Filling and accessing continuous memory

Hello all,

My G30 application works fine using large collections of arrays and structs but I want to go smaller and faster.

I do not need the extra memory used to reference my arrays because my program essentially just computes what the next element to run through a short process should be. So instead I would have small arrays holding a few key memory addresses needed to compute which of many many memory addresses I need. No need to store every address used because the data is continuous in nature with a few options to branch around.

So the question: Is it possible for me to accesses memory directly in a word aligned manner on the G30?

Thank you Kindly

Yes using register class but I do not think this is going to help you.

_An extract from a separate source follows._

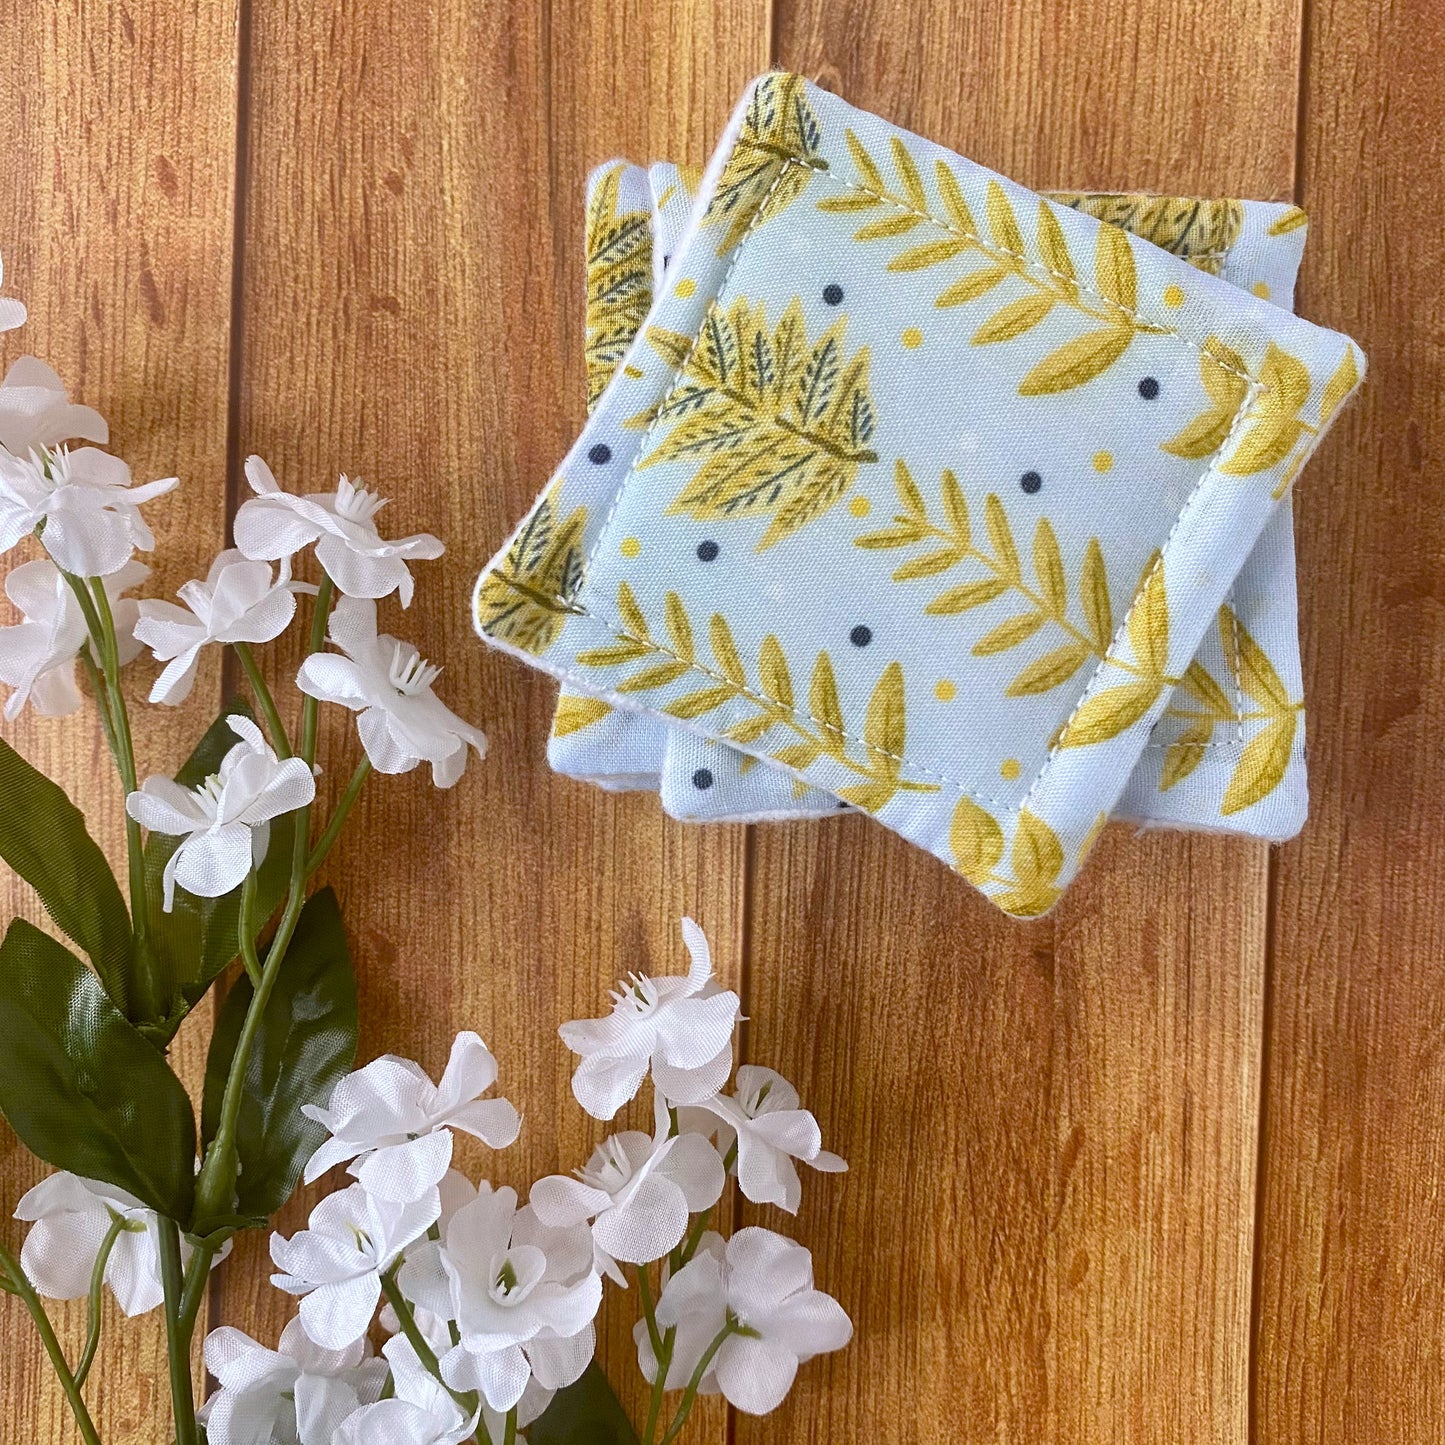 yellow foliage patterned reusable skincare pads in a stack next to some flowers, all on a wooden background

@ Gus - Thanks Gus. Do you think you could elaborate on why this wouldn’t help me?

Perhaps it would help if I make this analogy:

Let’s say my application is a video player for a choose your own adventure video series. So all the video frames are stored in continues memory cells ( because my frames are 32 bits). Typically the player just plays a frame then increments the address by 4. Occasionally an address is identified as a stopping point and based on user interaction a different memory address can be chosen instead of the next one. This way I’m only storing references to the beginning and end addresses of let’s call them video clips.

Using register class to make this happen would not reduce my ram usage as compared to using an Array which holds references to every entry?

Register class does a lot of operations to get you to the memory. It will be slow. I am not sure there is a way today to cover what you need. Maybe TinyCLR will cover that?

@ Gus - Okay thank you for that. To go back to my analogy the frame rate is not super fast or consistent. Ten or so milliseconds period at the fastest, usually about 50, but the other threads need their time too. I’ll have to experiment with the register class and see if any hit to latency outweighs the gain in free RAM. Appreciate the suggestion.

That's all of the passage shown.